The avocado leader said that revenue was impacted by average selling price increases of 44 per cent, partially offset by a 19 per cent decrease in avocado volume sold.
Gross profit for the second quarter decreased 27 per cent to US$19.8m, primarily driven by the impact of lower avocado volume sold in Mission’s marketing and distribution segment, and its related impact on fixed cost absorption.
In addition, the group said that it experienced gross profit decreases in its international farming segment due to the timing of cost incurred and impact of pricing at early-stage mango farms.
Net income was US$2.4m, down from, US$7.4m in Q2 2021, while adjusted net income was US$2.6m, falling from US$8.7m.
Adjusted EBITDA stood at US$9.2m for the second quarter, compared with US$16.3m last year, driven by lower avocado volume sold and higher SG&A costs.
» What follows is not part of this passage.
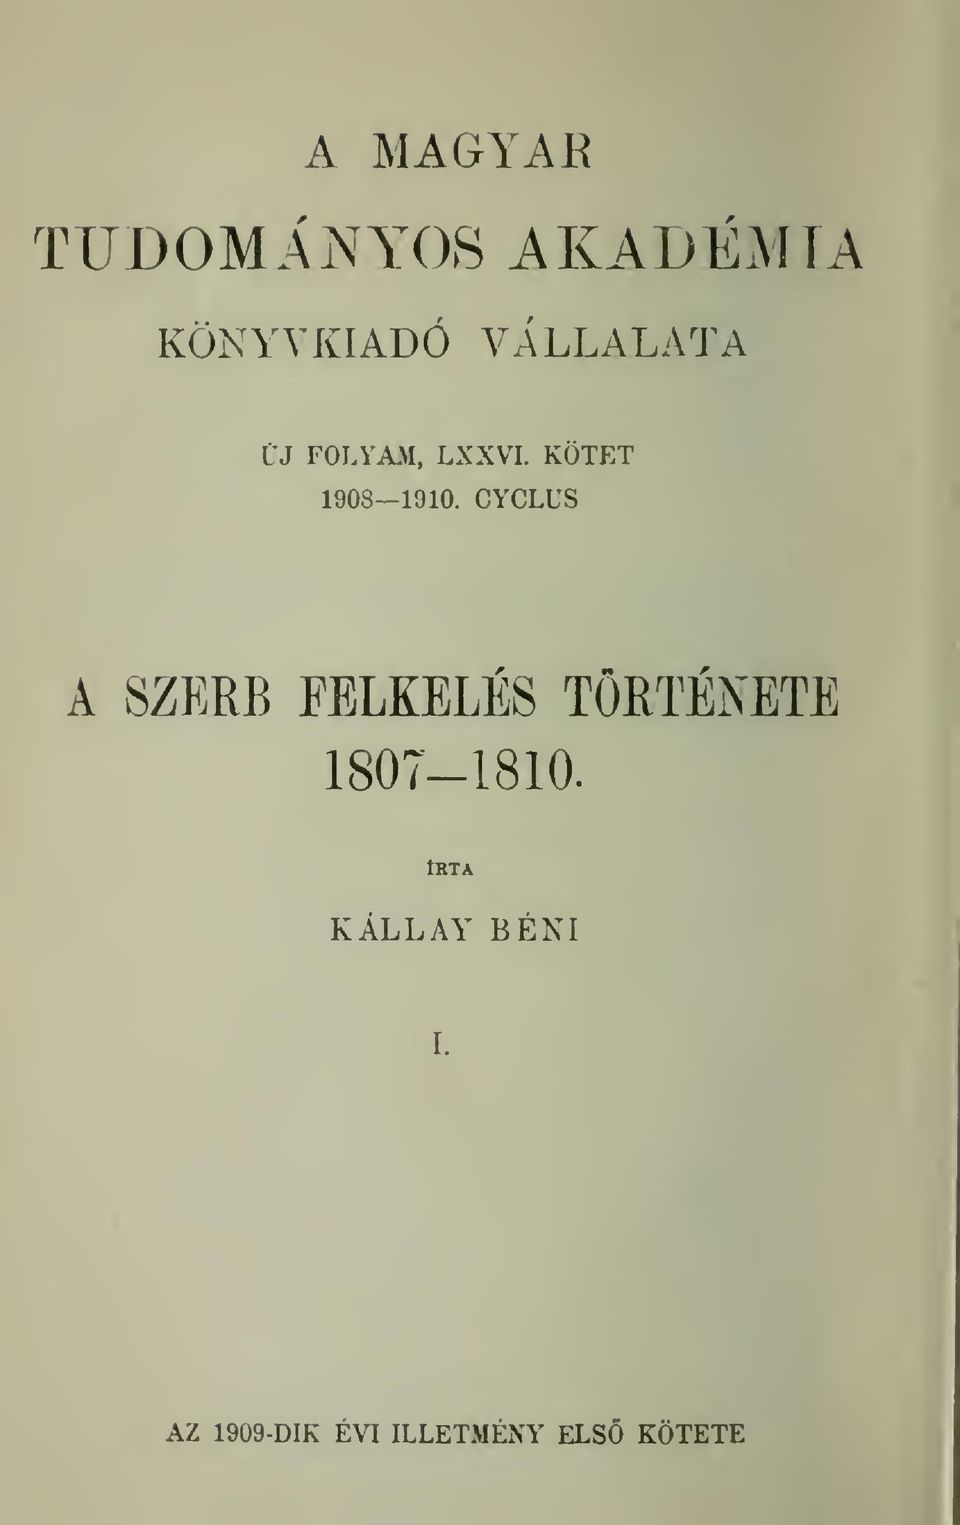 CYCLUS A SZERB FELKELES TORTENETE 1807-1810.

“I’m pleased with our ability to get the business back on track quickly following the temporary operational challenges associated with our ERP implementation in the first quarter,” said founder and chief executive Steve Barnard.
”Our per-box margins have recovered and returned to the high-end of normal historical ranges,” he continued. “The fresh avocado market realised record-high per unit sales pricing during fiscal second quarter which is the result of a smaller Mexican harvest and lower industry volumes.
”Consumer demand remains strong. The volume constraints the industry faces are due to lack of supply which Mission is uniquely able to address through our strategy to invest in vertical integration. Specifically, our owned Peruvian production gives us reliable access to fruit to meet customer needs on a scale and at volumes that only Mission can deliver.
”We are well positioned to leverage these capabilities in the second half of our fiscal year when our owned Peruvian production comes online and typically contributes to a significant step-up in adjusted EBITDA generation,” Barnard added. ”In addition, we continue to invest in owned farms in Guatemala and Colombia which we expect to further bolster Mission’s ability to supply year-round fruit to our customers over the long term.”